The race up, over and back down the so-called cliff has left a lot of DC wondering what the exact fight was worth. All the cliff attention saw the House ignore New York relief efforts from Superstorm Sandy, which infuriated Rep. Peter King so much he threatened to leave the party. From the New York Times:
Last week, the Senate adopted a $60.4 billion aid package, and on Wednesday Mr. King and other local politicians said they had been promised that the House would bring it up for a vote before the current legislative session ends on Thursday. That is unlikely now, and the aid bill will have to be reintroduced in the new Congress and passed by both chambers.
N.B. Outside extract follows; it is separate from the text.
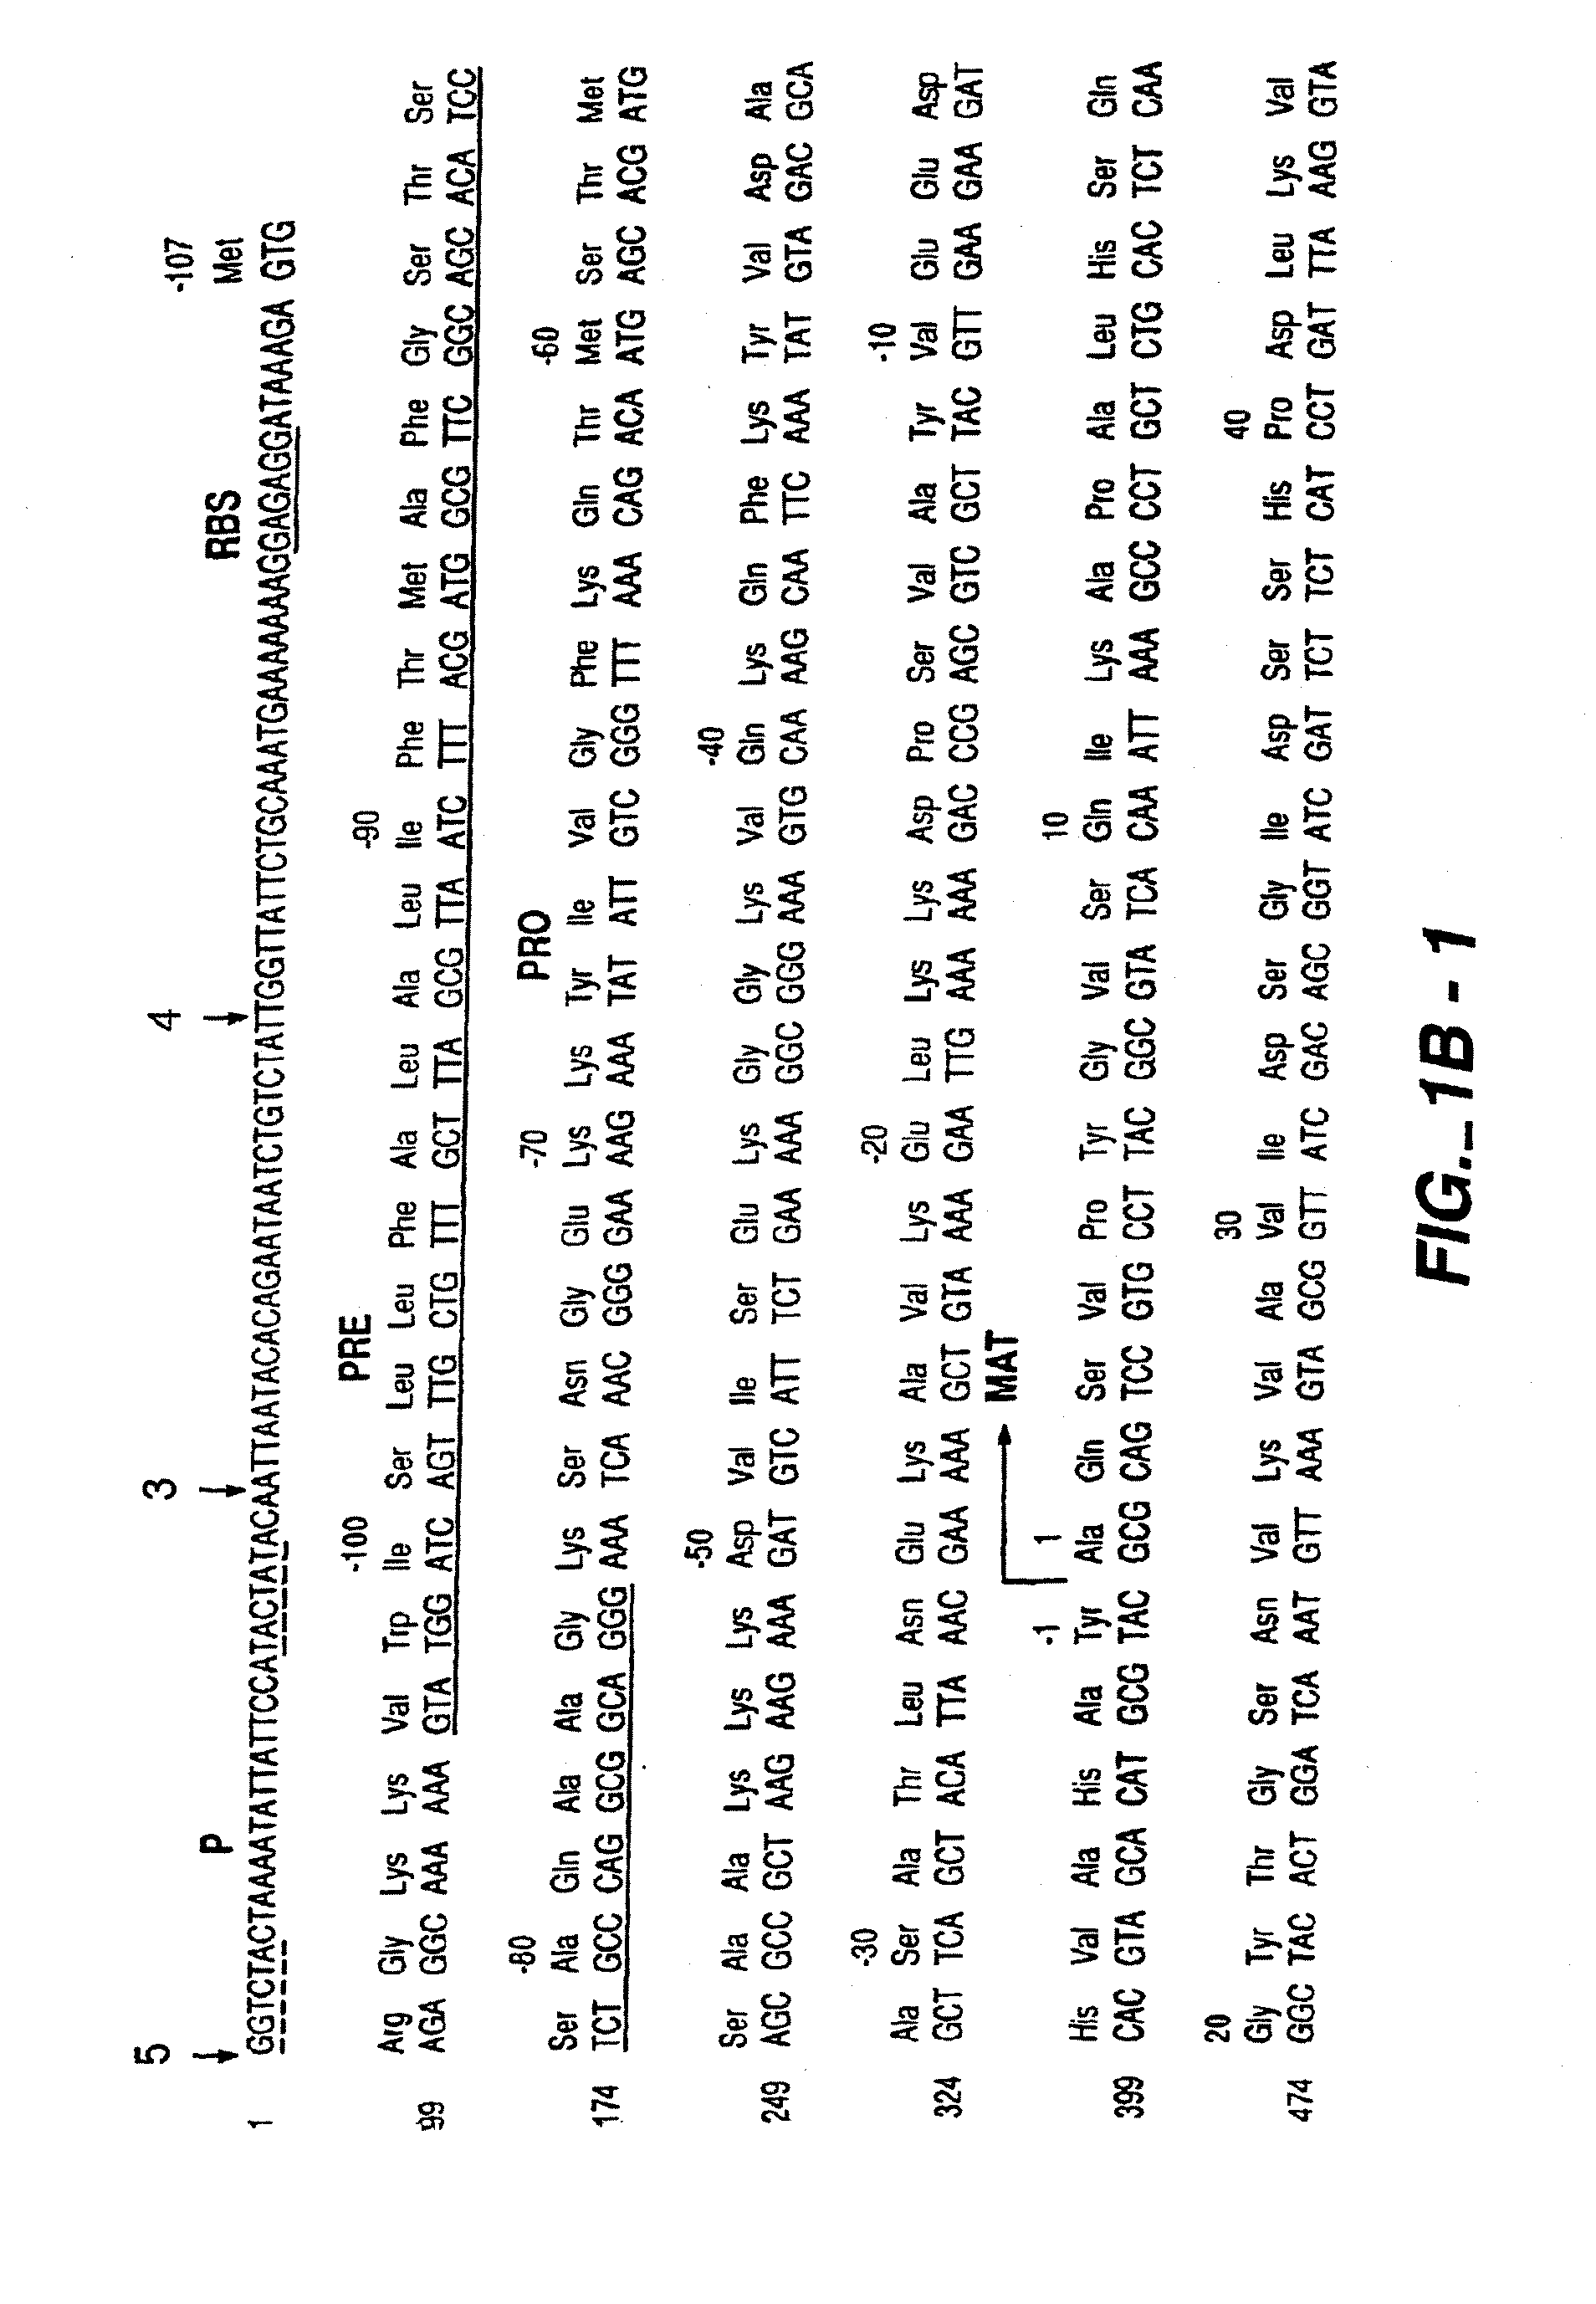 Proteases producing an altered immunogenic response and methods of making and using the same
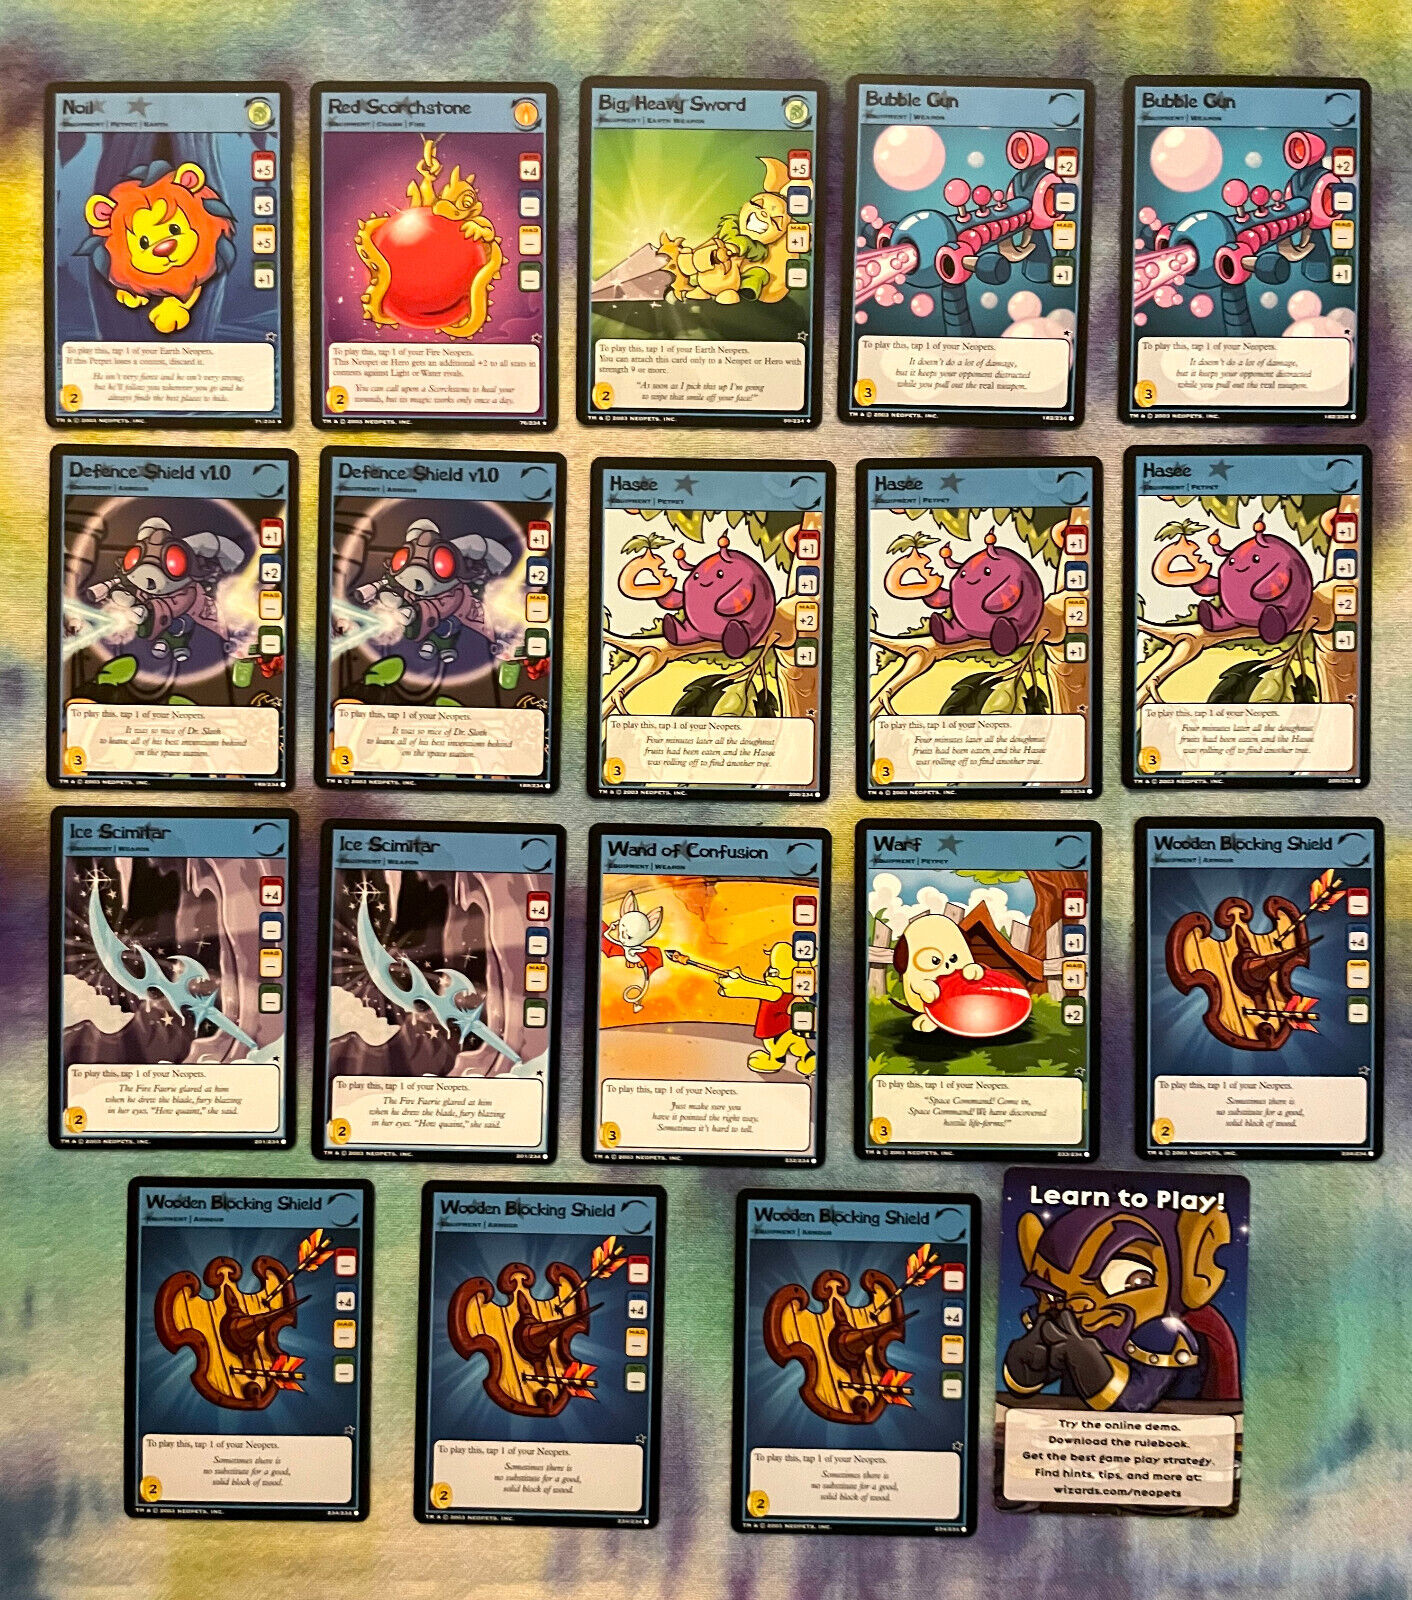 Lot of 19 NEOPETS 2003 TCG Blue Cards from 234 Base (see list) w/plastic sleeves

Speaker Boehner promised to deal with the money after the 113th Congress are sworn in, President Obama demanded an immediate vote. Meanwhile, Politico also goes into the ayes, nays and abstains behind the vote. The cliff vote also included some other essential materials like rum and scooters. No, really. Then Business Insider would like to remind all of you that this entire vote may be nothing but a two-month pause for Boehner’s “Plan A/B/C.”
If you ask us, though, all these letter plans seem to hint at a bigger issue: the return of DC’s own D-Plan. We always assumed the Speaker was a fan of indie rock from DC.